Qin Huaizhen, Feng Tao, Harding Scott A, Tsai Chung-Jui, Zhang Shuanglin
Department of Mathematical Sciences, Biotechnology Research Center, School of Forest Resources and Environmental Science, Michigan Technological University, Houghton, MI 49931, USA.
Bioinformatics. 2008 Jul 15;24(14):1583-9. doi: 10.1093/bioinformatics/btn215. Epub 2008 May 3.
Microarray experiments typically analyze thousands to tens of thousands of genes from small numbers of biological replicates. The fact that genes are normally expressed in functionally relevant patterns suggests that gene-expression data can be stratified and clustered into relatively homogenous groups. Cluster-wise dimensionality reduction should make it feasible to improve screening power while minimizing information loss.
We propose a powerful and computationally simple method for finding differentially expressed genes in small microarray experiments. The method incorporates a novel stratification-based tight clustering algorithm, principal component analysis and information pooling. Comprehensive simulations show that our method is substantially more powerful than the popular SAM and eBayes approaches. We applied the method to three real microarray datasets: one from a Populus nitrogen stress experiment with 3 biological replicates; and two from public microarray datasets of human cancers with 10 to 40 biological replicates. In all three analyses, our method proved more robust than the popular alternatives for identification of differentially expressed genes.
The C++ code to implement the proposed method is available upon request for academic use.

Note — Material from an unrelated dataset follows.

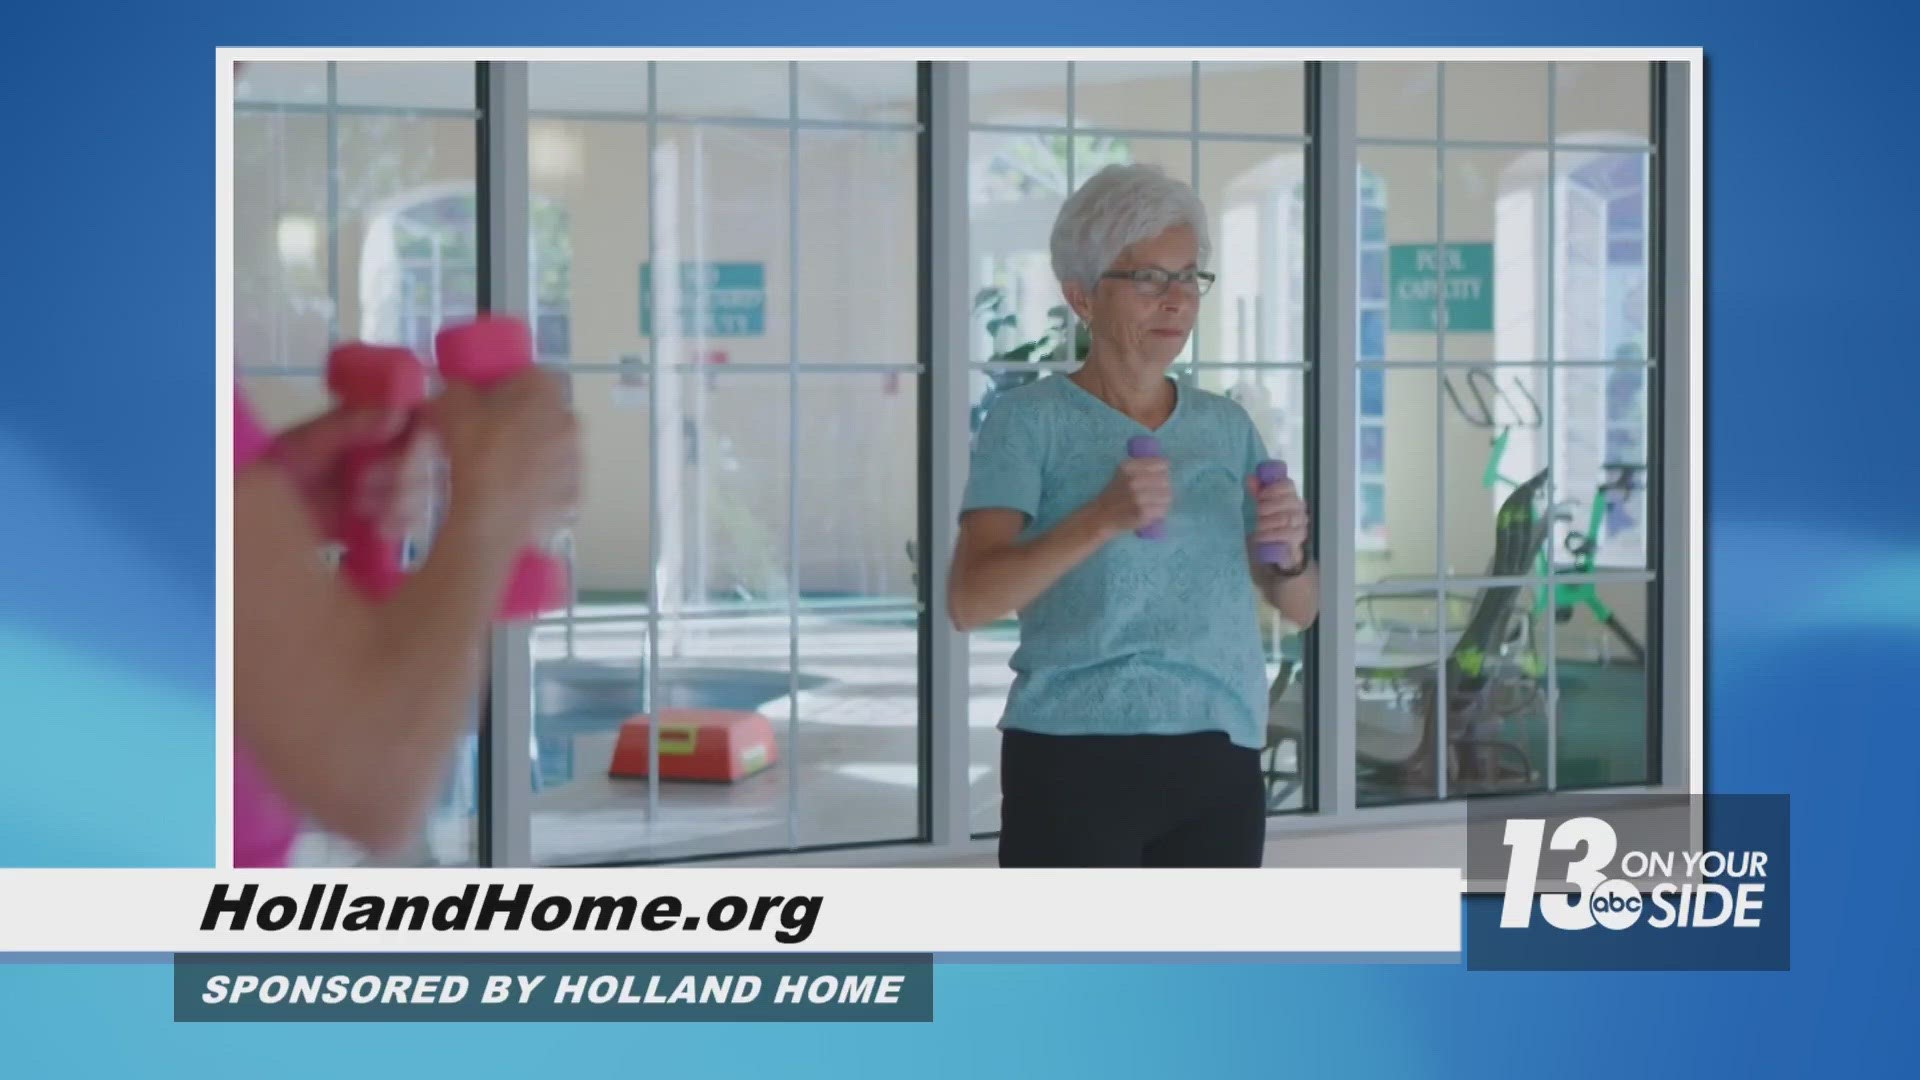 Since 1892, Holland Home has been caring for area seniors, whatever their needs or lifestyle choices demand.

微阵列实验通常从少量生物重复样本中分析数千到数万个基因。基因通常以功能相关模式表达这一事实表明,基因表达数据可以分层并聚类为相对同质的组。基于聚类的降维应该能够在最小化信息损失的同时提高筛选能力。
我们提出了一种强大且计算简单的方法,用于在小型微阵列实验中寻找差异表达基因。该方法结合了一种基于分层的紧密聚类新算法、主成分分析和信息合并。全面的模拟表明,我们的方法比流行的SAM和eBayes方法强大得多。我们将该方法应用于三个真实的微阵列数据集:一个来自杨树氮胁迫实验,有3个生物重复样本;另外两个来自人类癌症的公共微阵列数据集,有10到40个生物重复样本。在所有这三项分析中,我们的方法在识别差异表达基因方面比流行的替代方法更稳健。
如需学术使用,可根据请求提供实现所提方法的C++代码。